## Exercise directions
From the entries that follow, list every line in which the string "Spray" appears.

## Listed entries
══════
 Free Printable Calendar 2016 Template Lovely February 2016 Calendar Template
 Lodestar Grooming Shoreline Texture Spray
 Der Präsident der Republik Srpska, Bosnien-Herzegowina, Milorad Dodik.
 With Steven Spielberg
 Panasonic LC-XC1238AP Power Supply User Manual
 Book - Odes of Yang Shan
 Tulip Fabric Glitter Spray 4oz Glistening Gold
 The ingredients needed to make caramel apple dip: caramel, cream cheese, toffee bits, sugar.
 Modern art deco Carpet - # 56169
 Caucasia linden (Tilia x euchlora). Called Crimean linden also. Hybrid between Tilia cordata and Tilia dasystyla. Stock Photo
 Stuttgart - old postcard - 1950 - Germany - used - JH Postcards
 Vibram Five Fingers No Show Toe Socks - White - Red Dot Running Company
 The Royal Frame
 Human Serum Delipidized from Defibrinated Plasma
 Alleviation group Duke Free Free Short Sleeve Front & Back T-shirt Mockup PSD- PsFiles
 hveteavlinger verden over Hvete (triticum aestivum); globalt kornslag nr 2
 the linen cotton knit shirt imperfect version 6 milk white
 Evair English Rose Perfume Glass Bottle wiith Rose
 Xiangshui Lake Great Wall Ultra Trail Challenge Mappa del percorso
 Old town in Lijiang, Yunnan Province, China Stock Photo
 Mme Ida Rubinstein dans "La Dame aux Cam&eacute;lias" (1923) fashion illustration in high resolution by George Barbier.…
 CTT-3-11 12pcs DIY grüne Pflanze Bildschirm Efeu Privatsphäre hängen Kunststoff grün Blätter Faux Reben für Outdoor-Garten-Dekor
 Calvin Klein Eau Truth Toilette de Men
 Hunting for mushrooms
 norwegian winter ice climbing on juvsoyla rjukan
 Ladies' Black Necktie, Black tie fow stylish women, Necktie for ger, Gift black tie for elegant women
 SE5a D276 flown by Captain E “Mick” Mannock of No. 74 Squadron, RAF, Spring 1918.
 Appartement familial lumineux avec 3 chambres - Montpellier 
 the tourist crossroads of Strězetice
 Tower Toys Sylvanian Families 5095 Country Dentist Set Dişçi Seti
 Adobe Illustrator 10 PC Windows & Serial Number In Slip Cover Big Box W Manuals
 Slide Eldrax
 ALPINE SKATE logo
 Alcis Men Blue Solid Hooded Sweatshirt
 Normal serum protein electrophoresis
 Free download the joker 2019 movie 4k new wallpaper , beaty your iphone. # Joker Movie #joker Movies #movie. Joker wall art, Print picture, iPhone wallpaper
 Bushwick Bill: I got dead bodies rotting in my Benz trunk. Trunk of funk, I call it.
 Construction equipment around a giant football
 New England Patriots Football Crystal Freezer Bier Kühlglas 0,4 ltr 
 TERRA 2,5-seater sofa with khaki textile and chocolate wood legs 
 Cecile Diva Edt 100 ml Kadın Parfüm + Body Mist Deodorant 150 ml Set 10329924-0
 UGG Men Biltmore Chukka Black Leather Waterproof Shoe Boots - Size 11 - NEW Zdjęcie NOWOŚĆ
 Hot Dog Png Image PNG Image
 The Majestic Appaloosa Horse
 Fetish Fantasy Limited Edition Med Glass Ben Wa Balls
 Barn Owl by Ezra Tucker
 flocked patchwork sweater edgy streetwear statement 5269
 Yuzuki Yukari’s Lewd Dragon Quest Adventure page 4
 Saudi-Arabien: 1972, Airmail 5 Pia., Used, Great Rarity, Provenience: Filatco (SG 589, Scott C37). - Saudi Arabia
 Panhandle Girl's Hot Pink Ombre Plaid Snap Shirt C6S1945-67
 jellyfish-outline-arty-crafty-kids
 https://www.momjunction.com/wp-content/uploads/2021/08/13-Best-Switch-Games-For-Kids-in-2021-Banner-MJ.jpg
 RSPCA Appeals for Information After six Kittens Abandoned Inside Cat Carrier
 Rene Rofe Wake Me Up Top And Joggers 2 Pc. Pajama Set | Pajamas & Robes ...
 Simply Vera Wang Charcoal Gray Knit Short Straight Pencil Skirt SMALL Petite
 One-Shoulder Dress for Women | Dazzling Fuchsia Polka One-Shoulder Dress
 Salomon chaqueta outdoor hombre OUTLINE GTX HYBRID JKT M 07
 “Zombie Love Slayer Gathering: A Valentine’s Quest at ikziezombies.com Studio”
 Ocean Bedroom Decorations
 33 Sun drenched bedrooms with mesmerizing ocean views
══════
## Task solution
 Lodestar Grooming Shoreline Texture Spray
 Tulip Fabric Glitter Spray 4oz Glistening Gold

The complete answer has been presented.